> Material provided
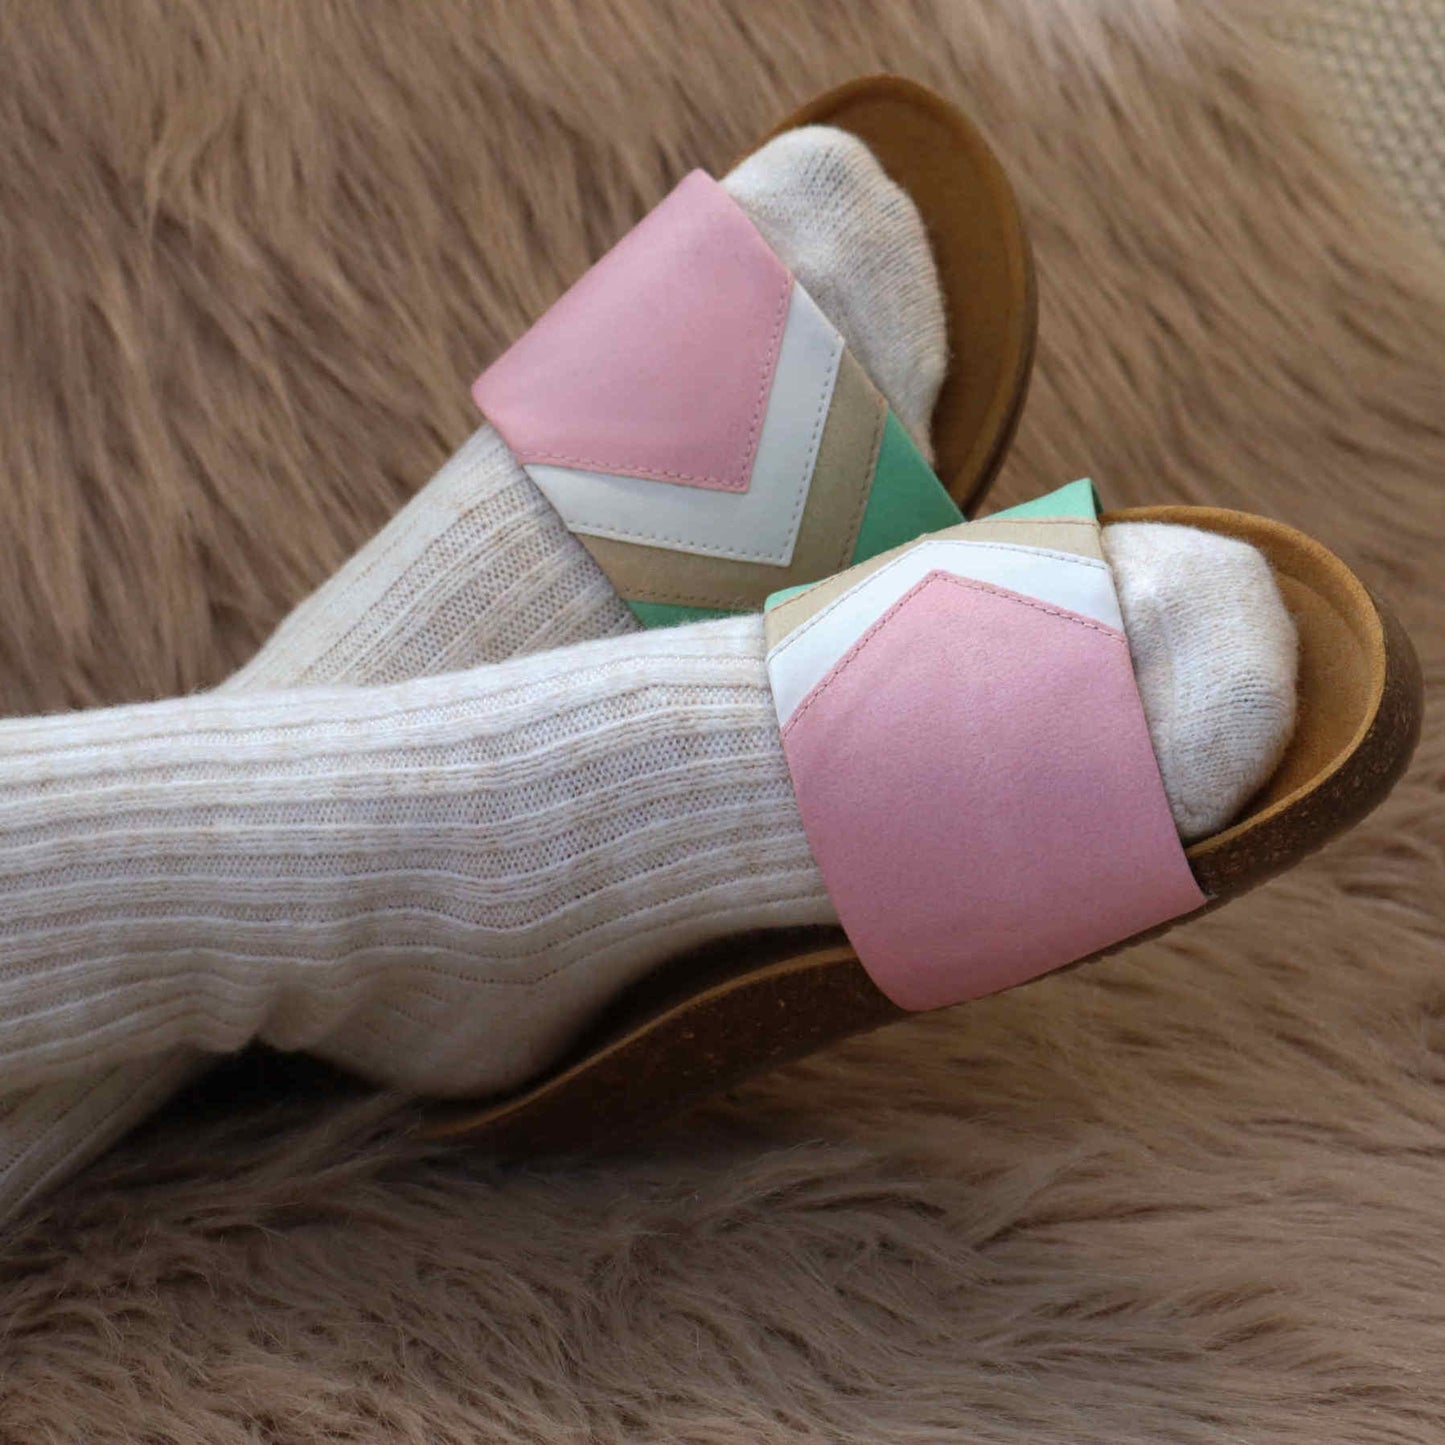 Rosa Hausschuhe Typ Pantolette mit Fußbett, Baumwolleder, flexibel, weich, Marke: Fünve, Modell: Strawberry
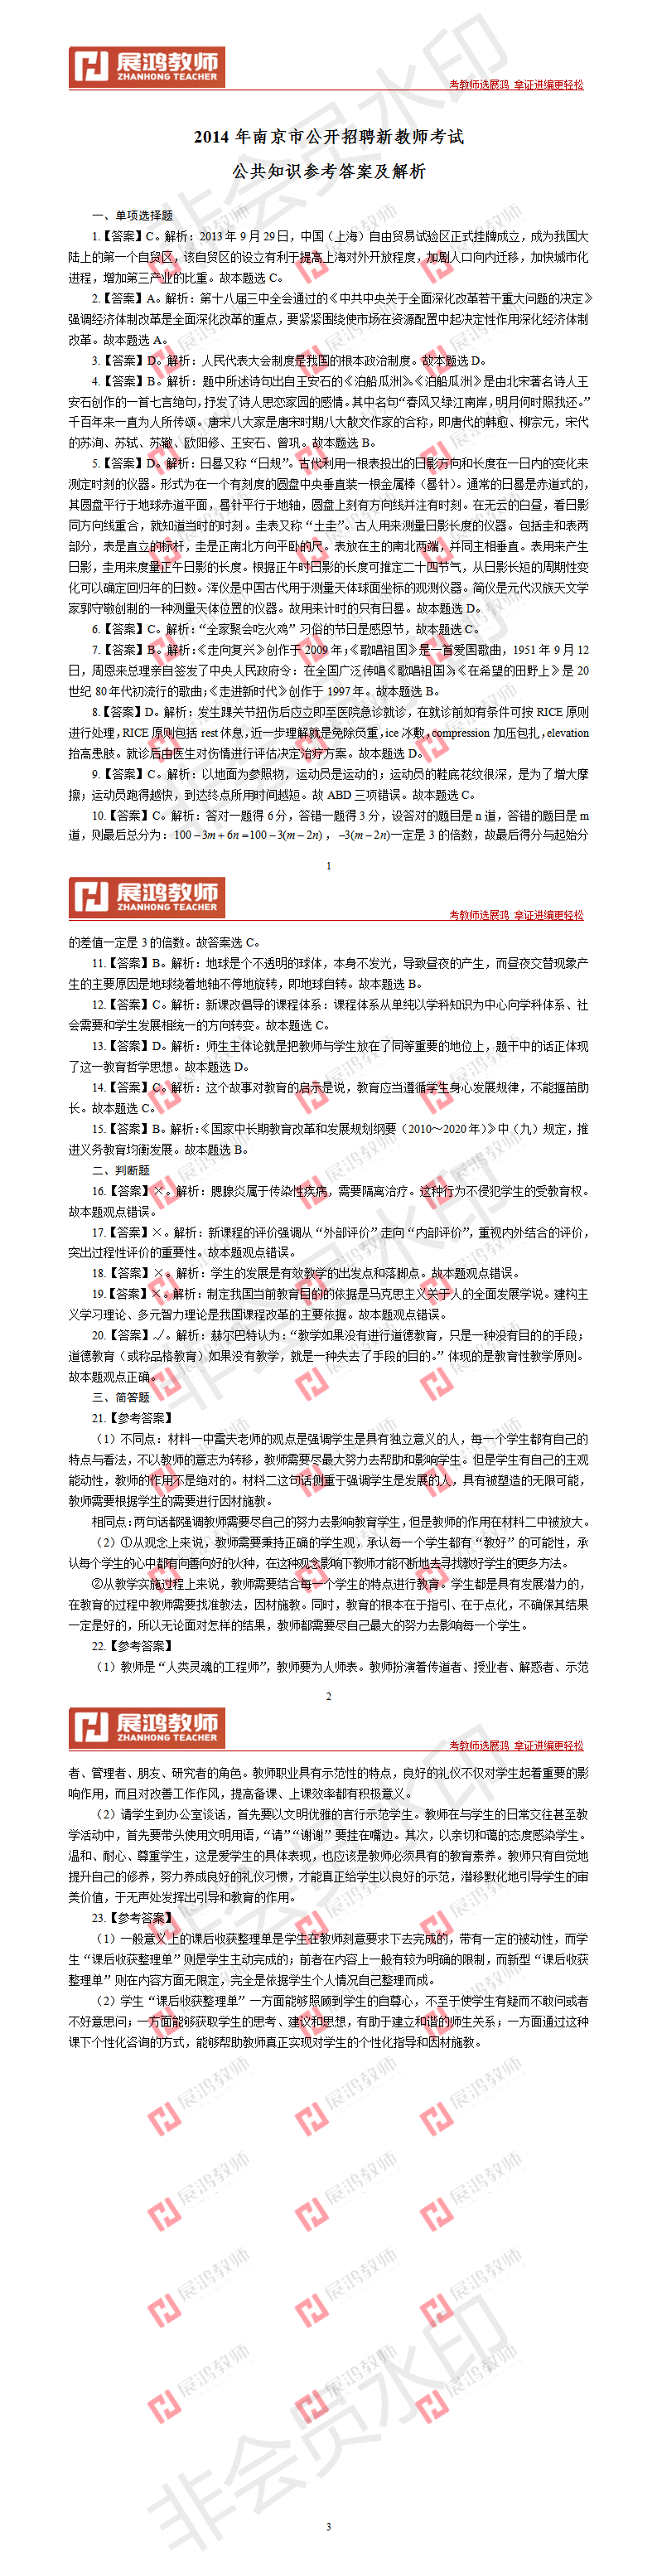 【站群11】2014年南京市公开招聘新教师考试公共知识参考答案.png
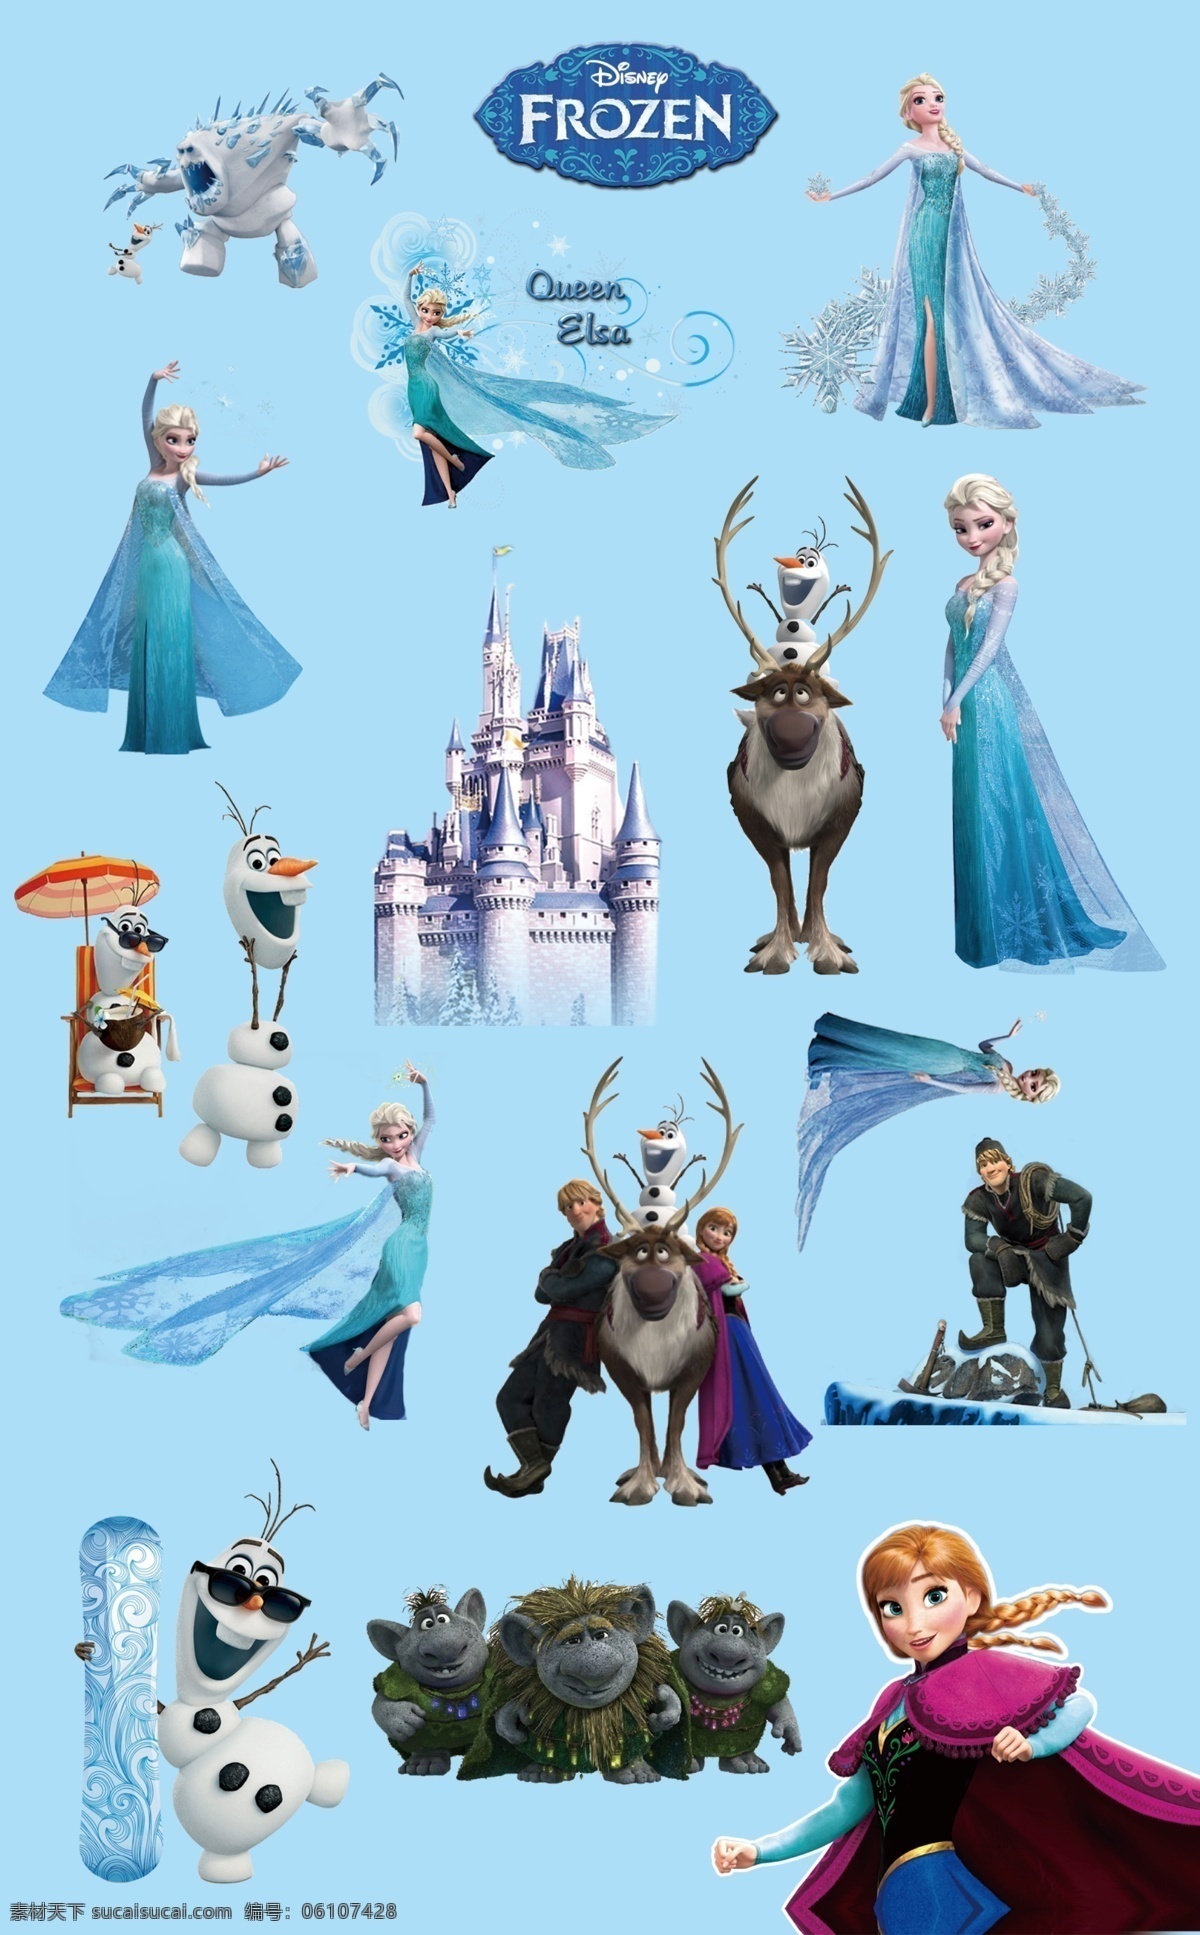 冰雪奇缘 迪士尼动画 卡通人物 迪士尼人物 frozen 分层图 艾莎公主 安娜公主 克里斯托夫 斯文 汉斯 奥洛夫 威斯顿公爵 动漫动画 动漫人物
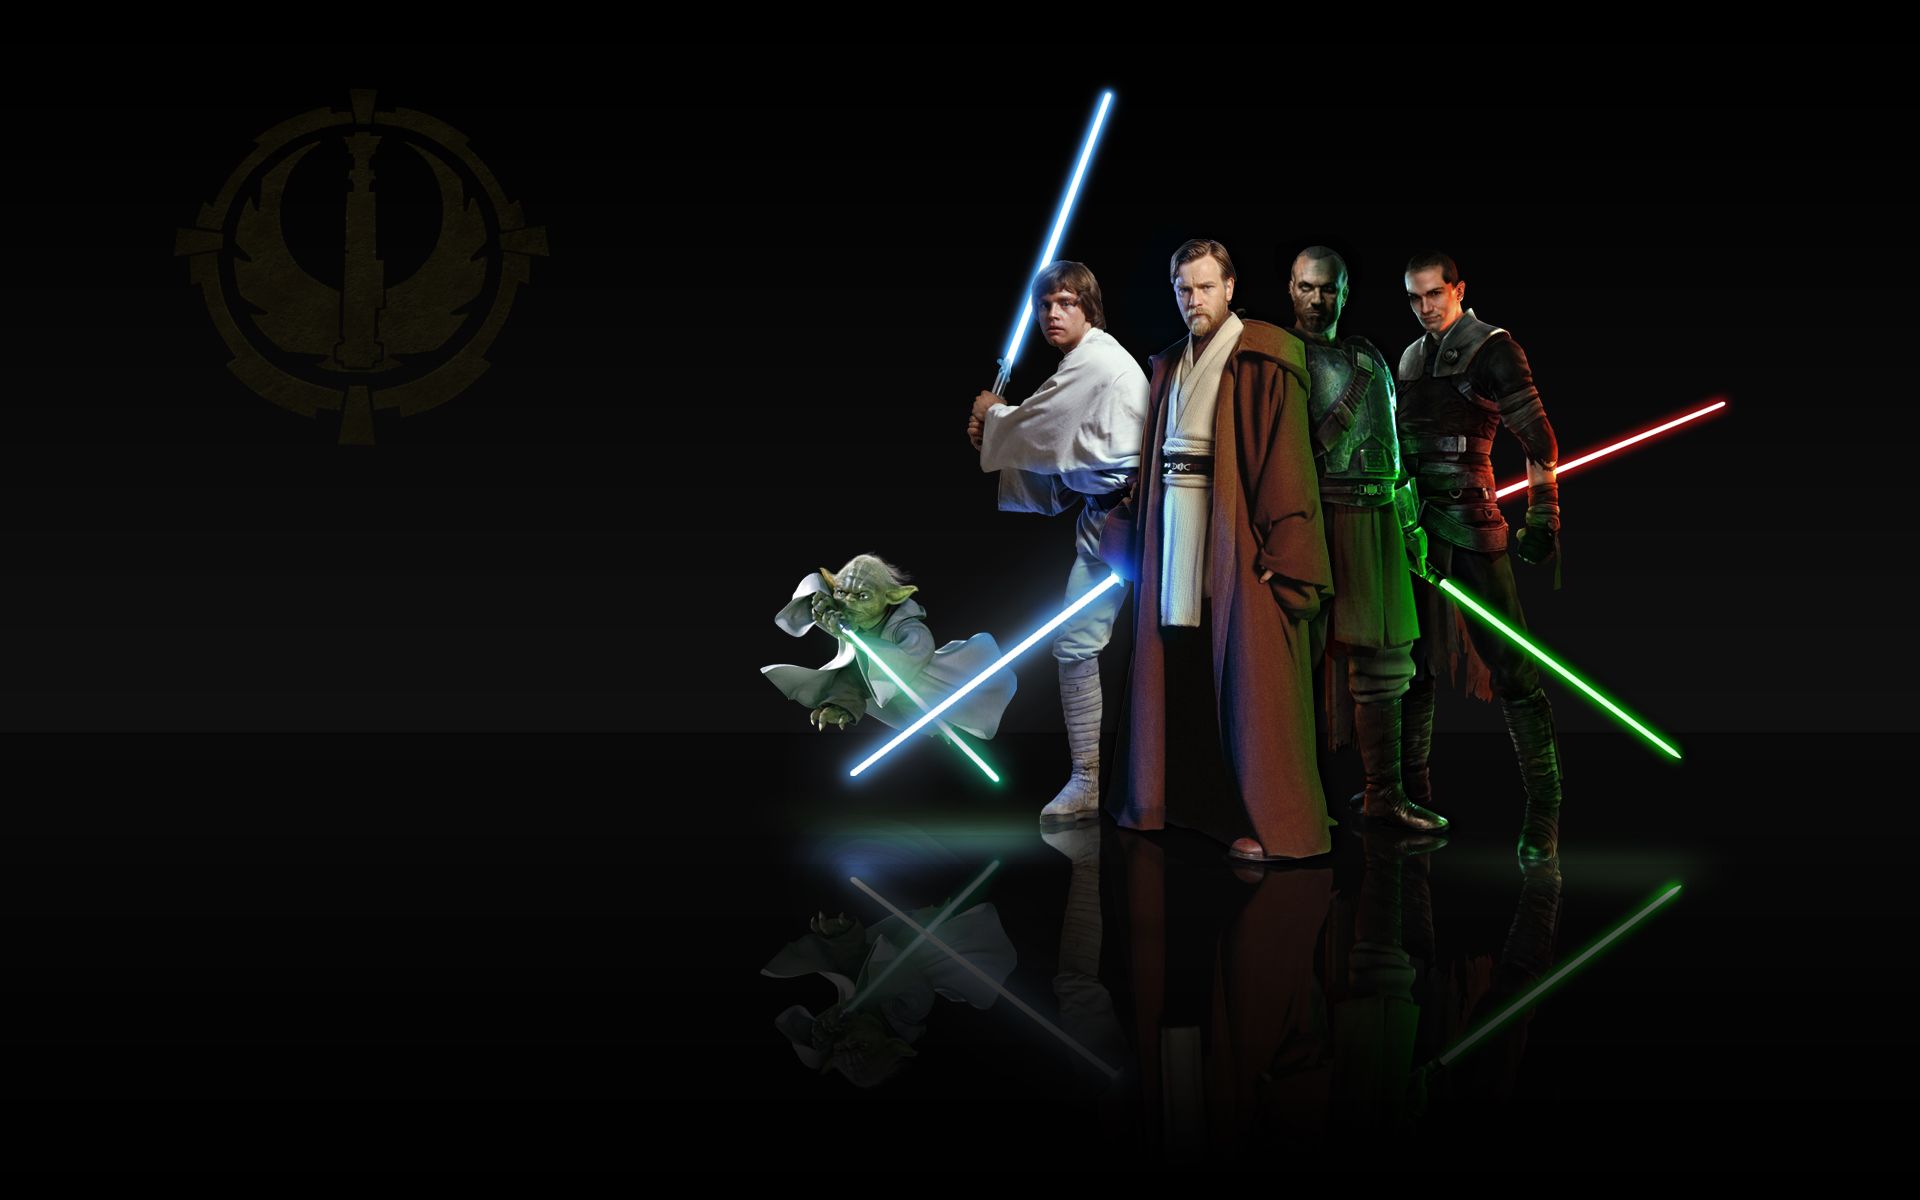 Jedi Knight Obi-Wan Kenobi, Luke Skywalker and Master Yoda ...

> Work task
Could you return the whole listing exactly, images excluded?

> Response area
 Rosa Hausschuhe Typ Pantolette mit Fußbett, Baumwolleder, flexibel, weich, Marke: Fünve, Modell: Strawberry
 【站群11】2014年南京市公开招聘新教师考试公共知识参考答案.png
 冰雪奇缘 迪士尼动画 卡通人物 迪士尼人物 frozen 分层图 艾莎公主 安娜公主 克里斯托夫 斯文 汉斯 奥洛夫 威斯顿公爵 动漫动画 动漫人物
 Jedi Knight Obi-Wan Kenobi, Luke Skywalker and Master Yoda ...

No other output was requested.